Increasing evidence indicates that PCS symptom reporting could be influenced by non-head injury factors, suggesting that symptoms typically associated with PCS may not be unique to head injury. The role of symptom expectation in PCS symptom etiology has been hypothesized, highlighting the need to compare expected symptoms for various disorders. A study of 82 undergraduates who reported their current and expected symptoms if they had suffered a head injury, an orthopedic injury, post-traumatic stress, or depression showed no significant differences in overall symptoms or symptom subscales. However, individuals simulating head injury, post-traumatic stress, and depression expected an increase in total symptoms, whereas individuals portraying orthopedic injury did not. Individuals with head injuries reported fewer affective symptoms than those portraying psychological disorders. These results indicate that illness beliefs and expectations may play a crucial role in PCS and, more specifically, its persistence [78].
Furthermore, there are several studies that showed that some PCS patients tend to exaggerate their symptoms and their persistence due to various causes. This phenomenon was seen in both children and adults [79,80]. In order to overcome this possible limitation in the diagnosis of persistent PCS, efforts were made to include the caregivers’ observations regarding the patients’ symptoms [81]. In other circumstances, during the brain function assessment, electroencephalogram-based evaluation of left frontal neural responses during memory recollection could also bring relevant information about the possibly exaggerated symptomatology [82]. Certain scales addressing cognitive and physiological measurable aspects, such as the Mild Brain Injury Atypical Symptoms (mBIAS) scale [83,84] and the Validity-10 scale [80], could further prevent the acknowledgment of some symptoms of which severity or duration was overappreciated.
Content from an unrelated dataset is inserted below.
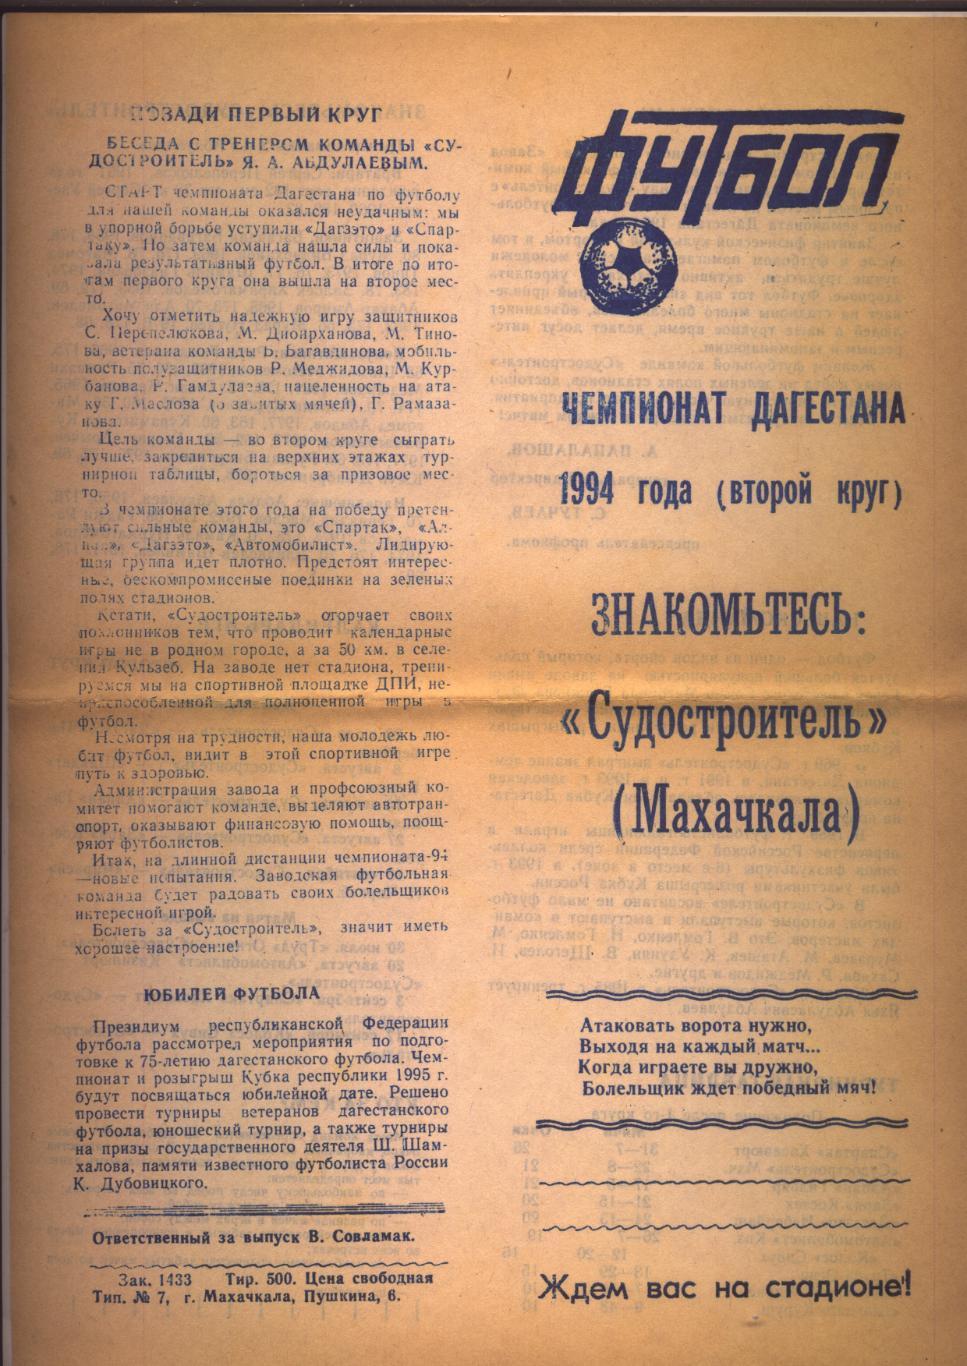 Буклет Чемпионат Дагестана 1994 года (2-й круг) Судостроитель Махачкала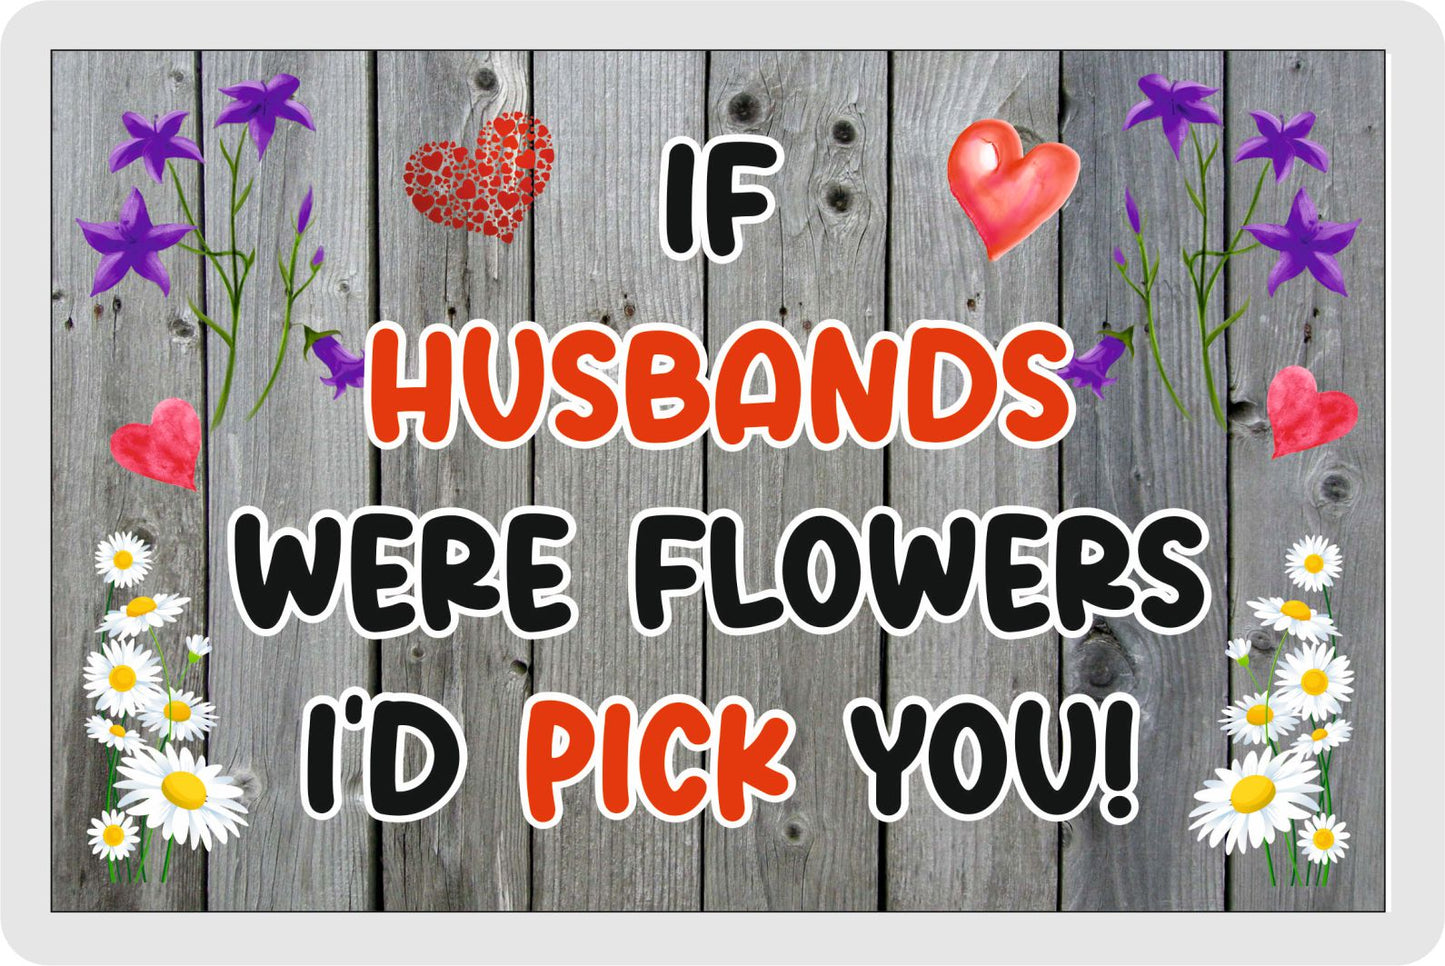 Husband Fridge Magnet - If Husbands were Flowers I'd Pick You - Novelty Love Gift - Fun Birthday Christmas Present

5. Illness Beliefs in Functional Neurological Disorders

Beliefs and expectations about health influence functional symptoms in patients with FNDs. Studies have demonstrated that patients with FNDs have a bias toward “jumping to conclusions” and frequently changing their decision when presented with new evidence, which could be a risk factor for inappropriate updating of active inference, the theory in which the brain predicts and explains sensory input through past experiences [85]. This bias is reflected in the fact that patients with FND request less information than healthy controls before forming a decision. Furthermore, patients with functional tremors have been shown to overestimate the occurrence of tremors, reporting an occurrence rate of 80–90% of their waking day. In contrast, objective measurements indicate an average occurrence of only about 30 min daily. This overestimation is significantly more significant than in patients with organic tremors, indicating that top-down prediction of constant tremors may prevent the perception of time without tremor in patients with FND. In addition, the power of symptom expectation has been demonstrated, as those who expected to experience analgesia in certain areas of their body reported analgesia in exactly those areas. This finding has been incorporated into several etiological models for general medically unexplained physical symptoms and FND. These observations suggested that beliefs and expectations play a critical role in developing and maintaining functional symptoms, and they highlight the need for further research to elucidate the underlying mechanisms of this phenomenon [86,87].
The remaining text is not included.